The other friend I met online before we moved to this town I am now visiting. R was the head of a special needs group that I contacted before we arrived. We happened to be standing next to each other on the first day of school pick-up, both anxiously awaiting our boys’ faces coming down the hall. We chatted for a moment before somehow figuring out we already sort of knew each other, and a friendship was born.

Our boys, both on the spectrum, are to this day quite different. We tried to make them friends, but I suspect C’s boisterousness and constant chatter annoyed the heck out of B (believe me, B, I get it). There were times R and I said to each other in the same moment, “I can’t believe they have the same diagnosis.” Still, we managed to find common ground. Years later, when I am fortunate enough to see R, we pick up right where we left off. Most of the time we are talking about our boys, and while their challenges are different, there are random little similarities that bring us together in our understanding.

Being back in this little town always makes me nostalgic. Had we stayed past C being in 4th grade, would he be attending the local high school or would we be driving him to the big city over the hill to a different school? Would C have a level of comfort he does not have now? Would he, with a support system we have not had since we left here, have experienced things differently than he has? Would we all have?

I guess I’ll never know the answers to those questions. But what I do know is that I will always miss those two friendships I have not been able to replicate since we moved away.

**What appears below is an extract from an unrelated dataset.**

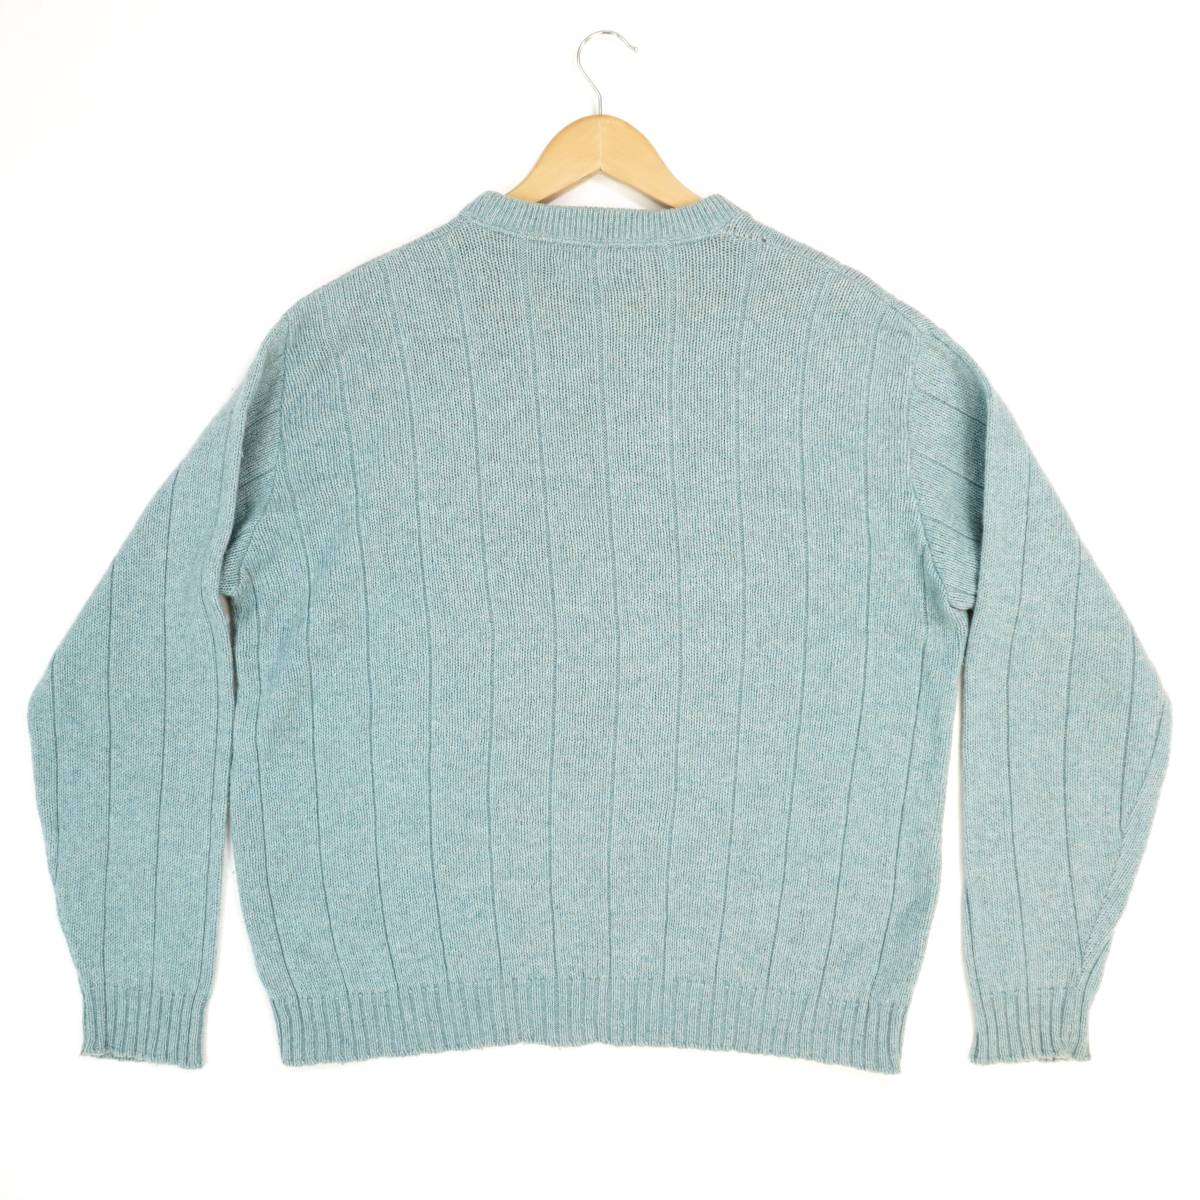 Penneys TOWNCRAFT Sweater 1960s USA SWT2410 Vintage ペニーズ タウンクラフト セーター ニット 1960年代 ヴィンテージ

January 6, 2019 at 4:15 pm 5 comments

Focus

I can go entire days without much thought of C. This has troubled me somewhat; what kind of mother doesn’t think about her child on a regular basis? If I tracked my thoughts it would probably startle me how little I think of him. However, I have realized it isn’t really a lack of thoughts about C. Rather, it’s a lack of total brain consumption regarding all things C. For the first time since he was born, really, I haven’t had to think about the C to-do list. What specialist should he see next? Is he making friends? Do I need to have another conversation with the special ed teacher? Should we start occupational therapy again? What new supplement could we add to the list that might help? Is this school good for him? 

What, who, why, when, and how…my head has been full since day one.

No, I am not a helicopter parent. Not in the traditional sense, anyway. My goal has never been to protect C from life, but to prepare him for it. Any mama bear action has been with the goal of making it into a learning experience for him. Running him around to therapies, doctors, and IEP meetings was a necessary part of getting him to reach his independence. We still have miles to go in that department, and he may never fully get there in the way other kids do. Still, that will always be our goal.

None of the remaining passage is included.